I have had problems using oil base paints (Floquil) for the MTH figures. The paint sometimes reacts with the plastic and NEVER dries. You end up with a sticky surface.


----------



## gunrunnerjohn (Nov 10, 2010)

Funny thing Bob, the Lionel 21" passenger car sets they sell have the same issue, probably for the same reason!


----------



## traction fan (Oct 5, 2014)

Lehigh74 said;
I have had problems using oil base paints (Floquil) for the MTH figures. The paint sometimes reacts with the plastic and NEVER dries. You end up with a sticky surface.
[/QUOTE]


Lehigh74;
Unless you were using different kind of Floquil paints,. they weren't "oil based." Standard Floquil Paints were Lacquer based. The lacquer would have attacked bare plastic. On figures it would have, well, disfigured them. Floquil also made a line of paints called "Polly S." Those were water based.
Traction Fan


----------



## traction fan (Oct 5, 2014)

Madman said:


> I recently acquired some Modeltown figures from the UK. They are unpainted. I would like advise as to which paints to buy.
> 
> These are the figures shown painted;
> 
> View attachment 547052


Madman;

I use Tamiya alcohol based acrylic model paint for figures, and most railroad painting in general. It goes on smoothly, covers well, dries quickly, and come in a wide variety of colors, including the flat colors you'll need for figures. The N-scale passengers waiting in the station were all painted with Tamiya paint. By hand, by me. Tedious, sometimes frustrating, but rewarding.

Traction Fan


----------



## gunrunnerjohn (Nov 10, 2010)

N-scale figures? Tedious doesn't begin to cover it!


----------



## Madman (Aug 22, 2020)

gunrunnerjohn said:


> N-scale figures? Tedious doesn't begin to cover it!

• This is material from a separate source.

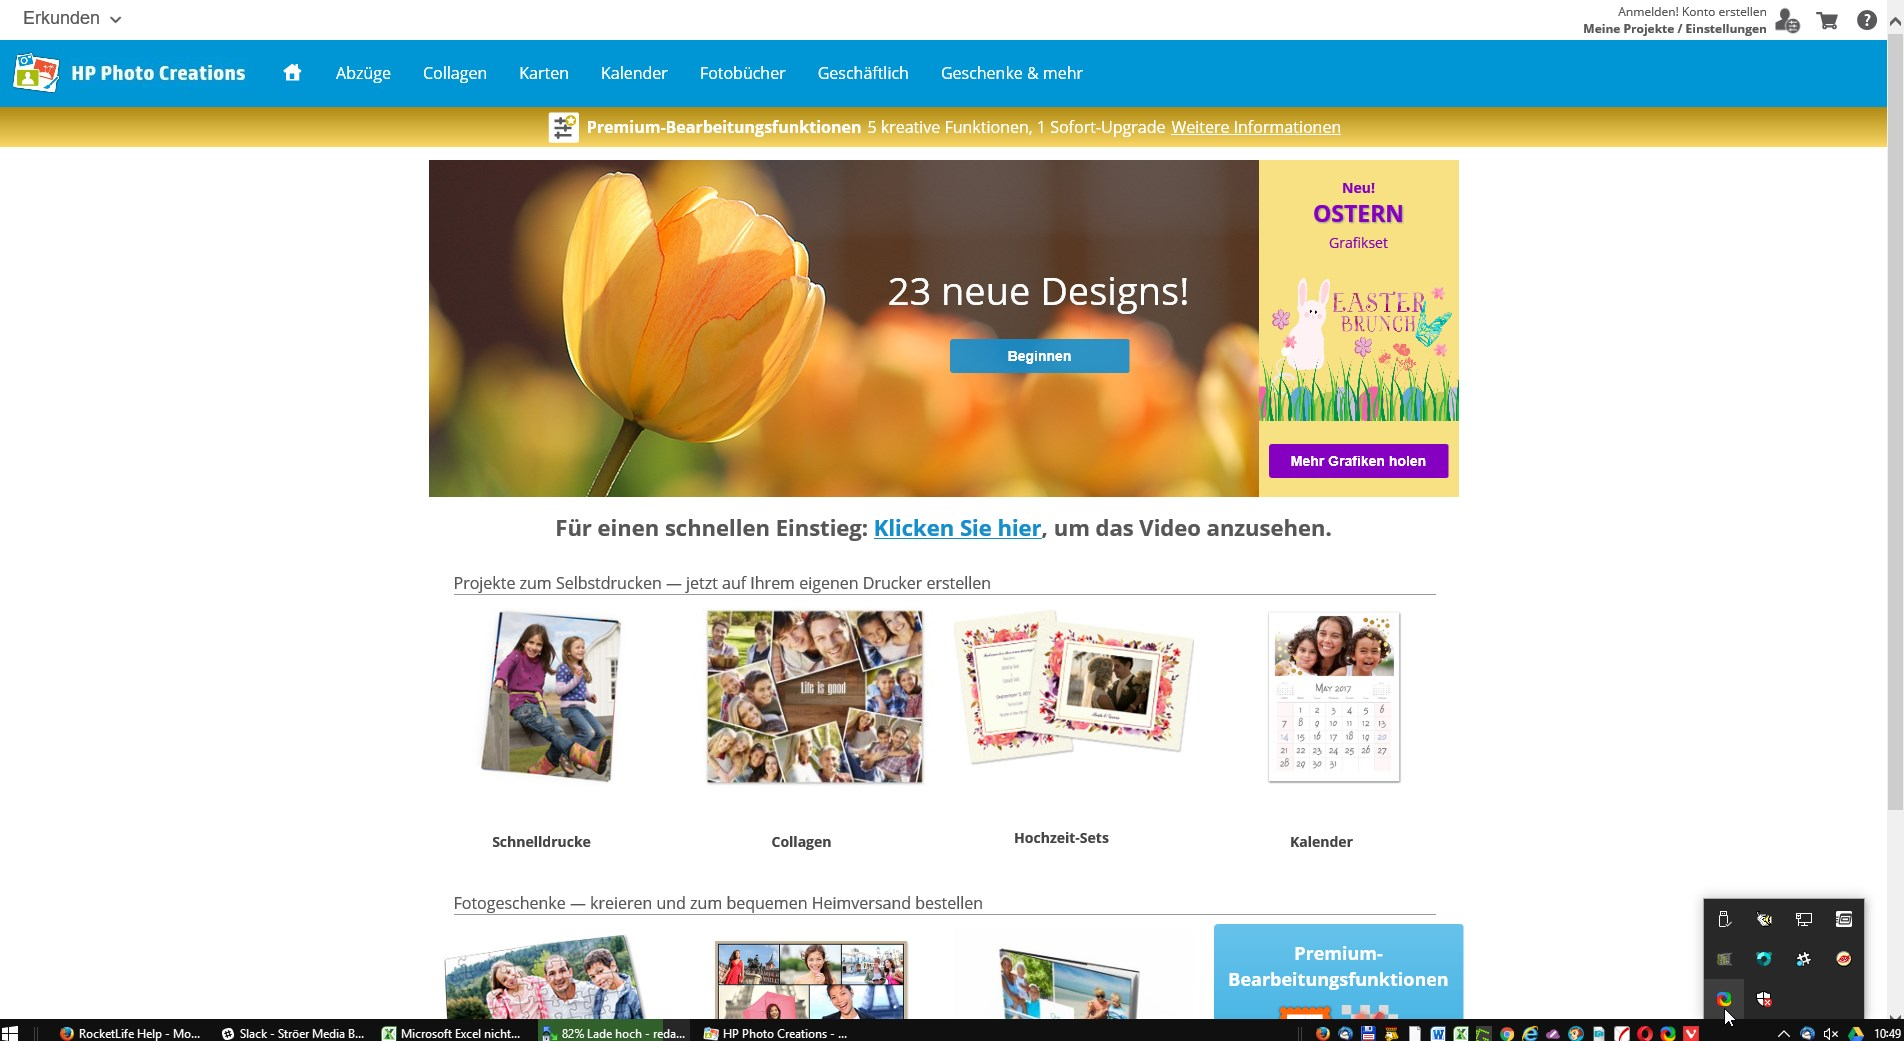 Fun Hp Photo Creations Download Kostenlos September 2018 Giga Hp Photo Creations Passport Photo Hp Photo Creations 64 Bit dpreview Hp Photo Creations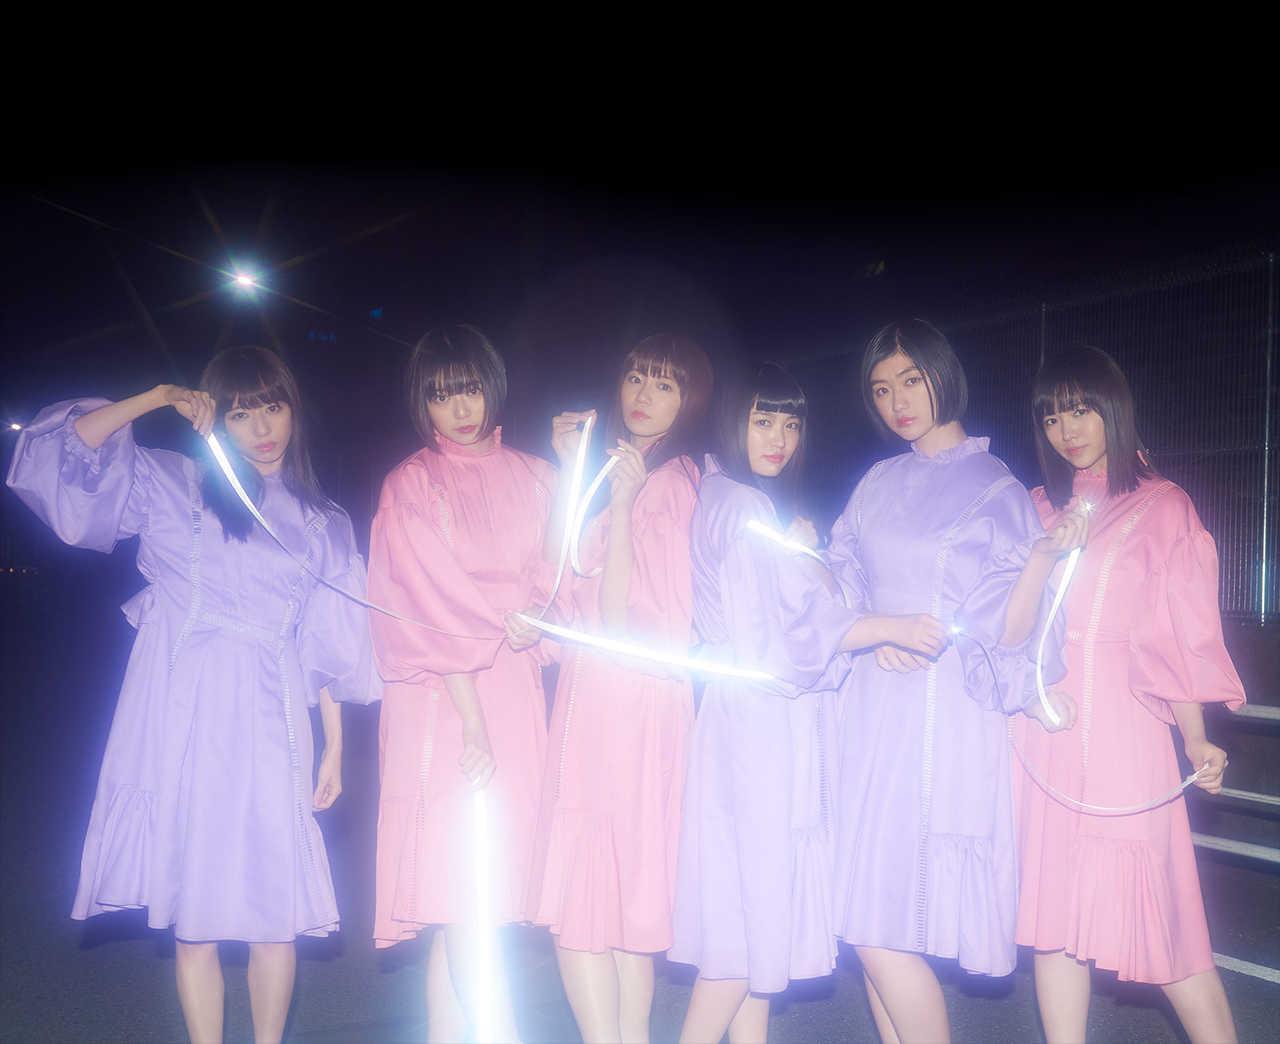 日本大学法学部の「後夜祭」に、私立恵比寿中学が出演決定!

Especially with old eyes..........There was a time when I could do such work with the naked eye.....


----------



## traction fan (Oct 5, 2014)

Madman said:


> Especially with old eyes..........There was a time when I could do such work with the naked eye.....


 My eyes are 72 years old, but I own an optivisor.  

Traction Fan


----------



## Madman (Aug 22, 2020)

traction fan said:


> My eyes are 72 years old, but I own an optivisor.
> 
> Traction Fan


Yes, as do I. Amazing what shows up through those lenses.....


----------